Task item:
Of the entries below, copy only those lines that contain the word "thực".

Dataset extract:
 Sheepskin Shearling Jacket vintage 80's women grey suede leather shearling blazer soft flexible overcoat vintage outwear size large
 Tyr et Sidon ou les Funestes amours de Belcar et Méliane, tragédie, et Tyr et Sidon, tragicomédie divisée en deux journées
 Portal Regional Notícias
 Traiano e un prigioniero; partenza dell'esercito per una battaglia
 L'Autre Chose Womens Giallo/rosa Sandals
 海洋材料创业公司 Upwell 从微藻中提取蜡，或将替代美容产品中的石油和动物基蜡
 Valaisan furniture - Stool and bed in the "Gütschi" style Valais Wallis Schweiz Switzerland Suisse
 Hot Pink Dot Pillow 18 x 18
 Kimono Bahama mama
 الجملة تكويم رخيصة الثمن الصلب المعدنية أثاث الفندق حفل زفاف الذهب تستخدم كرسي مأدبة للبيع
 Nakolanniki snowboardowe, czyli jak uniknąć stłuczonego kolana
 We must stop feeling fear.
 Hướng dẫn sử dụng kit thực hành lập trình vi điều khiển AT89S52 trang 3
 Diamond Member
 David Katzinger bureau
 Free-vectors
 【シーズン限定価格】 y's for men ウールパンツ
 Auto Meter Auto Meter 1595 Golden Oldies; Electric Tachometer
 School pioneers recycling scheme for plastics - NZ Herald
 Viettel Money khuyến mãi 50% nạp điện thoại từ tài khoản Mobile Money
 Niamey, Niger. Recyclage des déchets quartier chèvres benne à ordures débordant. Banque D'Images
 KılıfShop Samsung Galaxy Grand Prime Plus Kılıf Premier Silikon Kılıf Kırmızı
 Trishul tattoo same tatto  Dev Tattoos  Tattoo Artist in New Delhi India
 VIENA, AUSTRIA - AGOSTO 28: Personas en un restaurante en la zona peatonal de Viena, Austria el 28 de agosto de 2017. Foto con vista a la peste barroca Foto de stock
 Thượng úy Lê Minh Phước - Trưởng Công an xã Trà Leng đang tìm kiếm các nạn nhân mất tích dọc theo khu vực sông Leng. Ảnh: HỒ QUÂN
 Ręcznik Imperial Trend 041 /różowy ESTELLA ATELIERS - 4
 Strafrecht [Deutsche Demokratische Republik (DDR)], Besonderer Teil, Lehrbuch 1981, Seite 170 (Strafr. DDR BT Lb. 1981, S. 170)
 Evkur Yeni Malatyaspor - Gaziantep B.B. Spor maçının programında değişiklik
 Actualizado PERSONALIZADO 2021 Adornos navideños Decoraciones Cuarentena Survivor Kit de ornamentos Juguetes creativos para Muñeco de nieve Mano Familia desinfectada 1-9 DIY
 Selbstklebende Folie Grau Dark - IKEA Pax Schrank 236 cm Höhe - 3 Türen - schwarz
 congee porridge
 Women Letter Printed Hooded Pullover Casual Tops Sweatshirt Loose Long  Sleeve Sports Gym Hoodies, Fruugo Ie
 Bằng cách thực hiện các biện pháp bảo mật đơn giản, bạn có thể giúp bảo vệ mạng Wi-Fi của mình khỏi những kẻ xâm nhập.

Answer box:
 Hướng dẫn sử dụng kit thực hành lập trình vi điều khiển AT89S52 trang 3
 Bằng cách thực hiện các biện pháp bảo mật đơn giản, bạn có thể giúp bảo vệ mạng Wi-Fi của mình khỏi những kẻ xâm nhập.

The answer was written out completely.